Time for a refreshing pastis
One of the best ways to get into the mood of Provence is with a sip of pastis. Associated particularly with Marseille, where it is nicknamed pastaga, pastis is today an intrinsic part of life in Provence.. A half filled glass of pastis, next to a pitcher of water, ice and a small dish of olives is one of archetypical images of Provence.
Invented as a legal aniseed based drink, after the prohibition of absinthe in 1915, its main ingredients are anis vert, anis toile ,fenouil and reglisse. It does not contain the grand wormwood of absinthe) and the alcohol content is lower than the traditional absinthe Yellow when poured straight from the bottle, pastis turns milky white when water is added. Here in the Luberon, the locals enjoy their pastis as a Mauresque, a cocktail of pastis and orgeat syrup ( a sweet syrup made with almonds, sugar, rose or orange flower water.

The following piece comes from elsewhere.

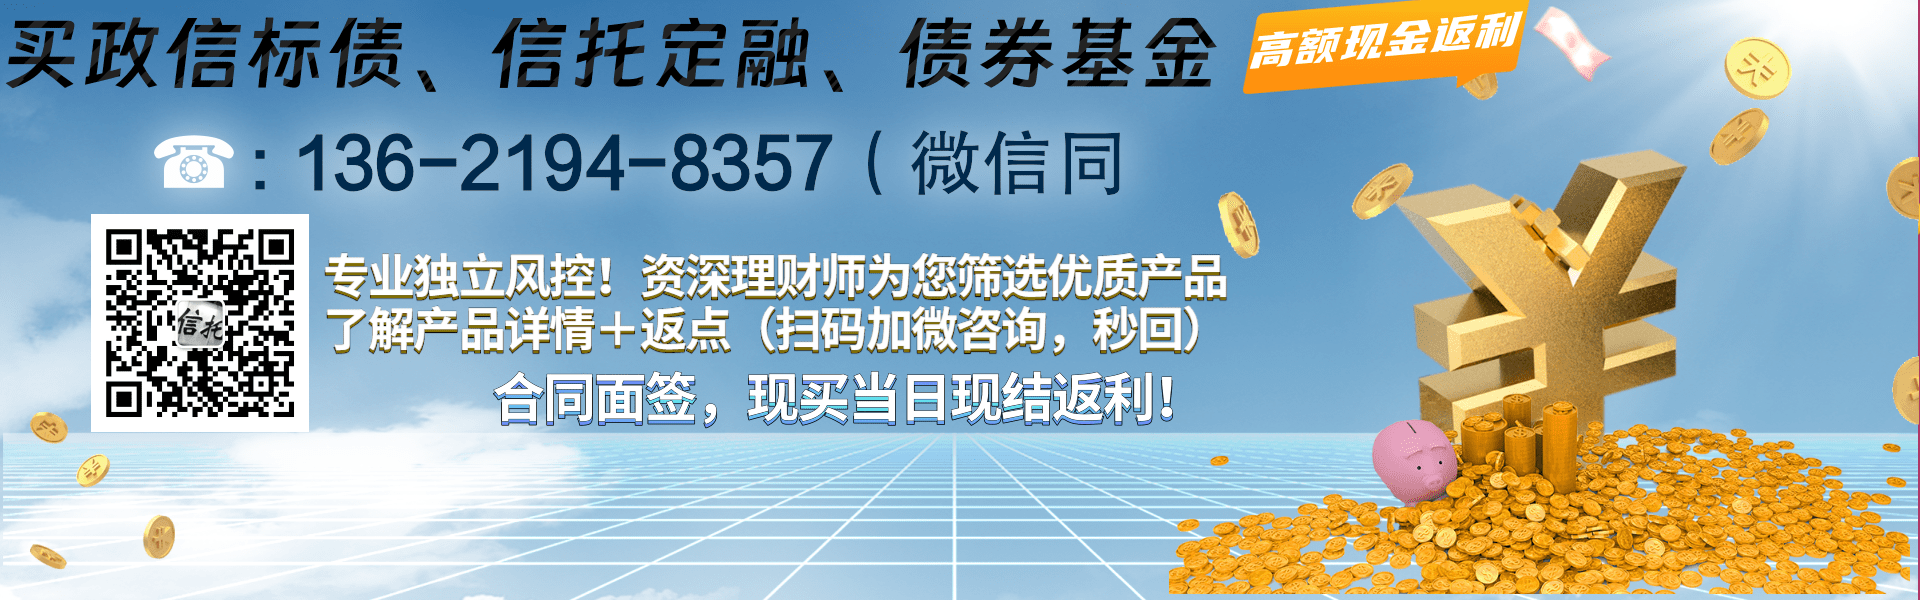 民生信托-1272号苏中最强经济区泰兴非标集合资金信托计划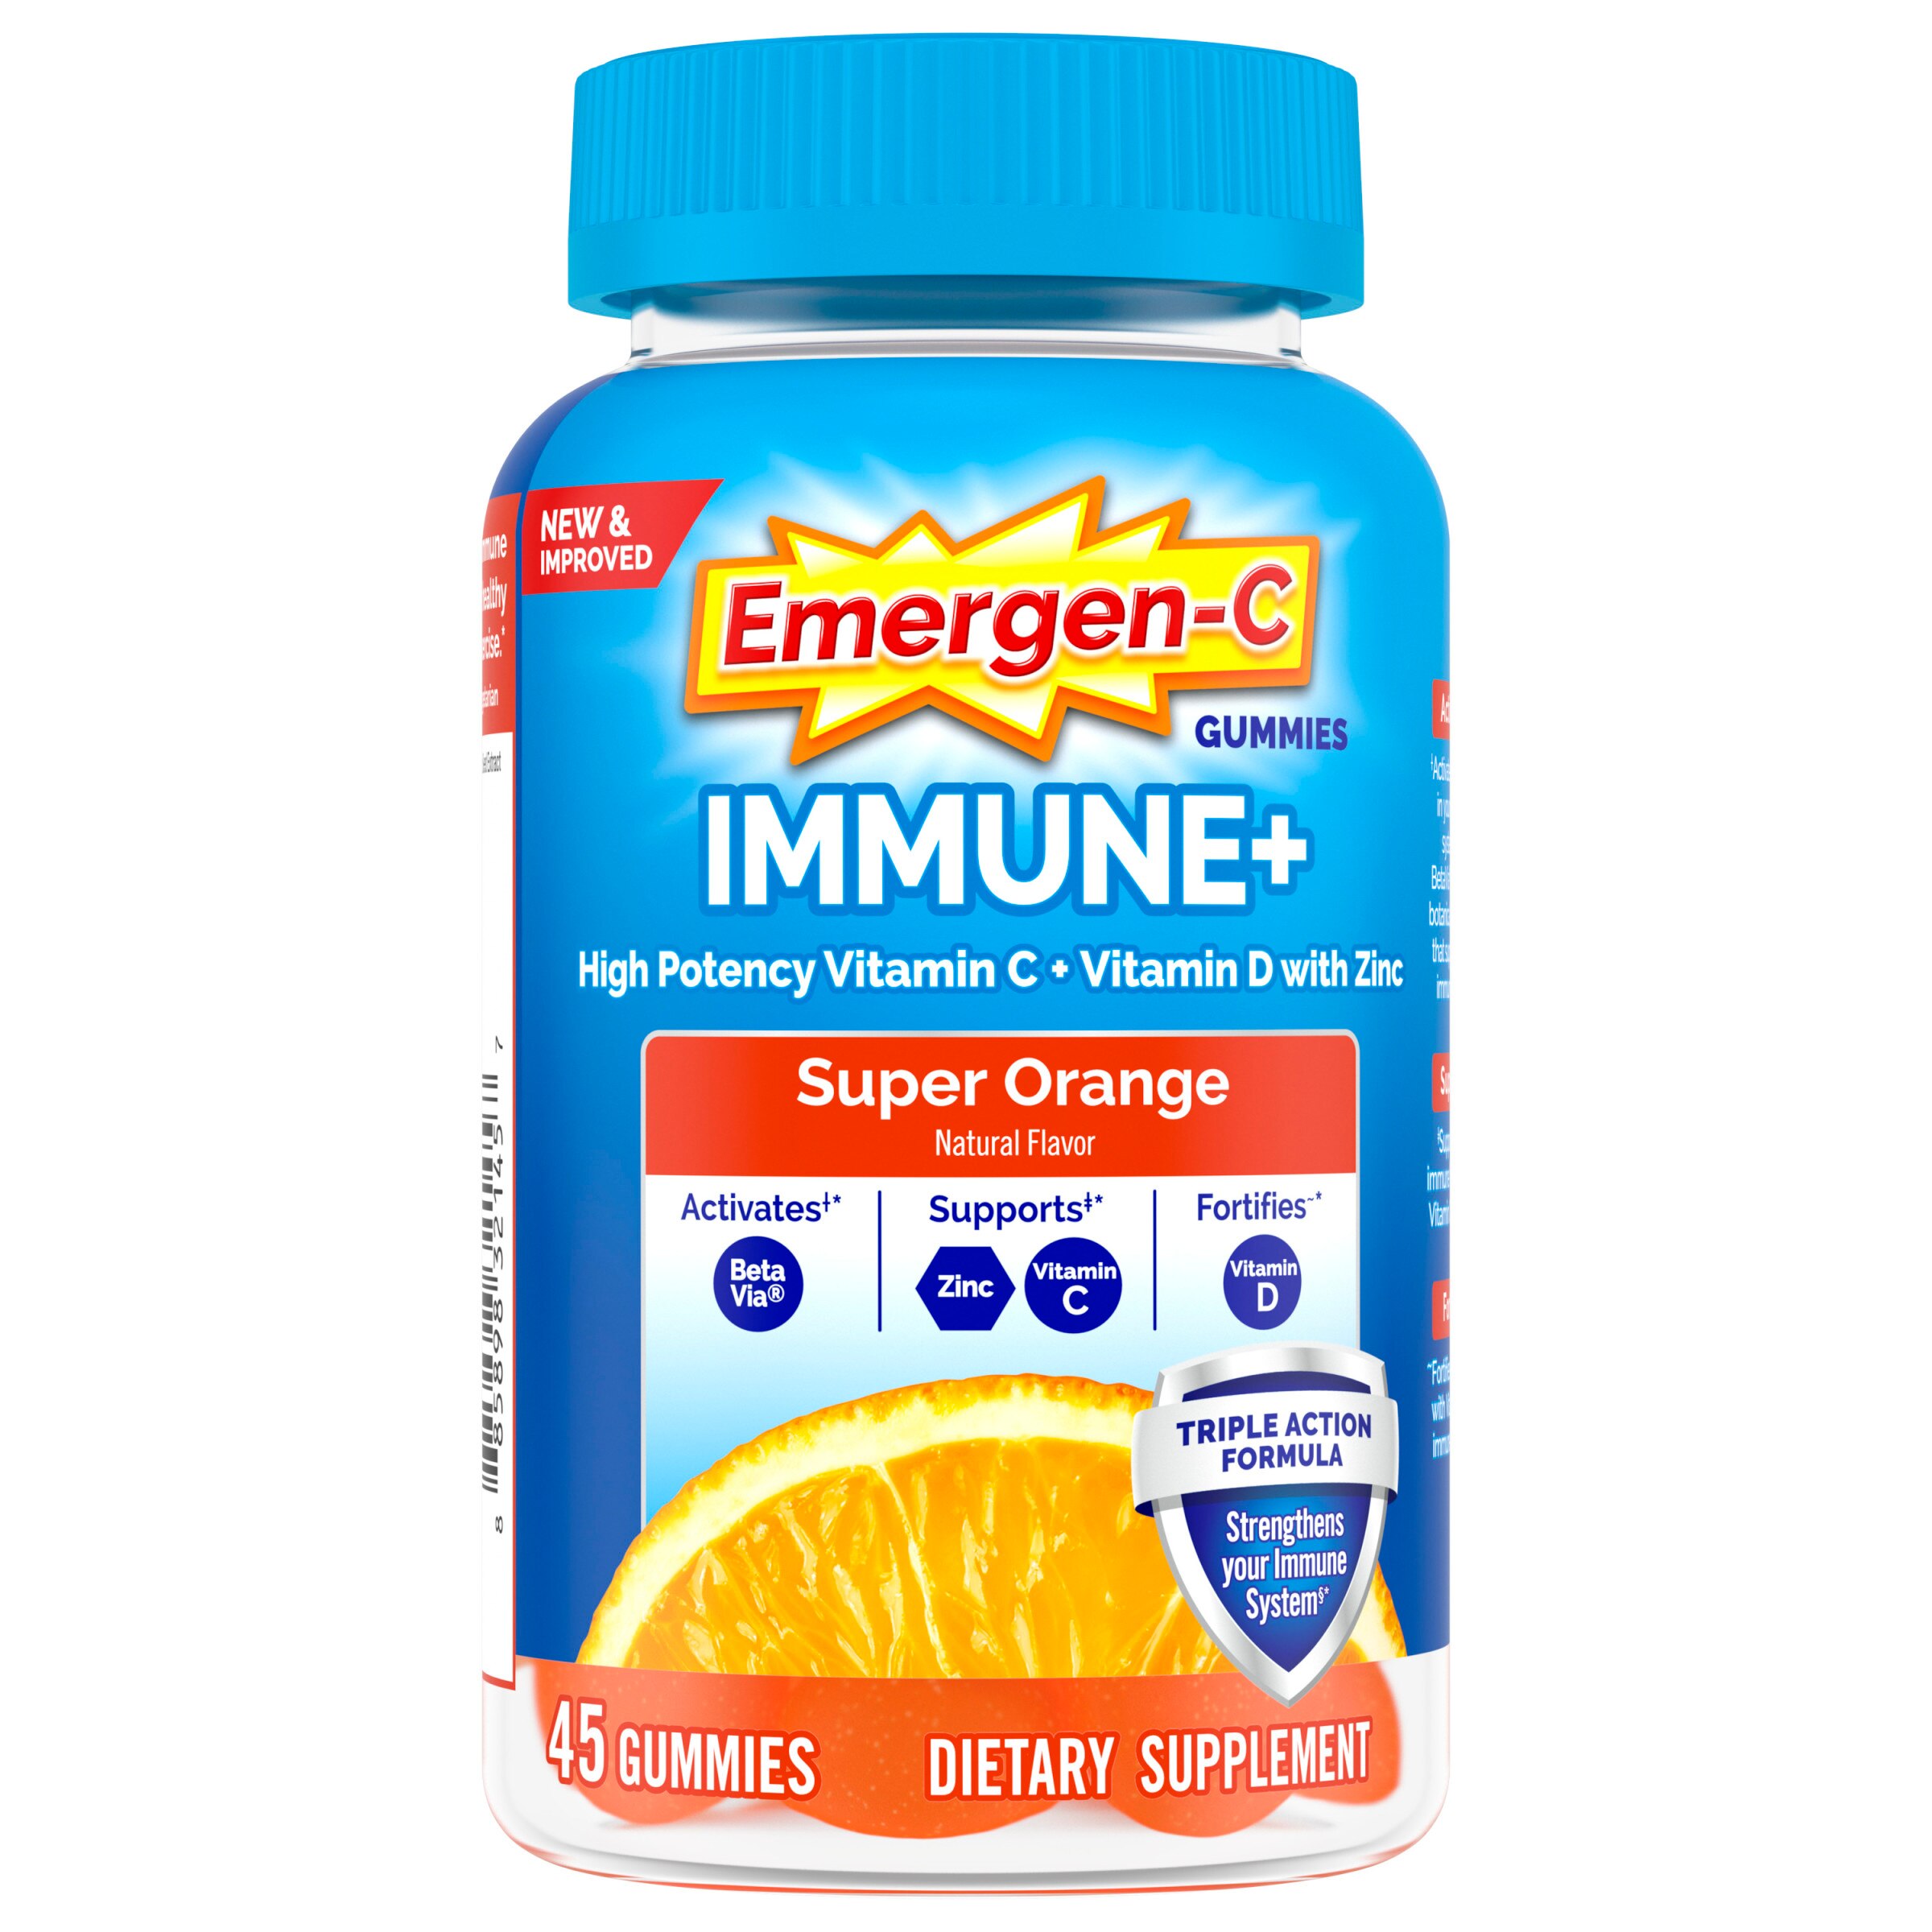 Emergen-C Immune+ Immune Gummies, Vitamin D plus 750 mg Vitamin C, Immune Support Dietary Supplement, Caffeine Free, Gluten Free - 45 Count

Ricard is the best known Brandon pastis (their slogan was for many years 'la vraie pastis de Marseille’). Pastis 51 is another brand enjoyed its stronger, more bitter taste and then there are many artisanal varieties.
Cooking buffs who want to add an aniseed flavour use pastis to make flambéed prawns or other seafood dishes. Try it as a marinade for your sea bream or sardines. For those with a sweet tooth, serve in a soufflé for an original dessert.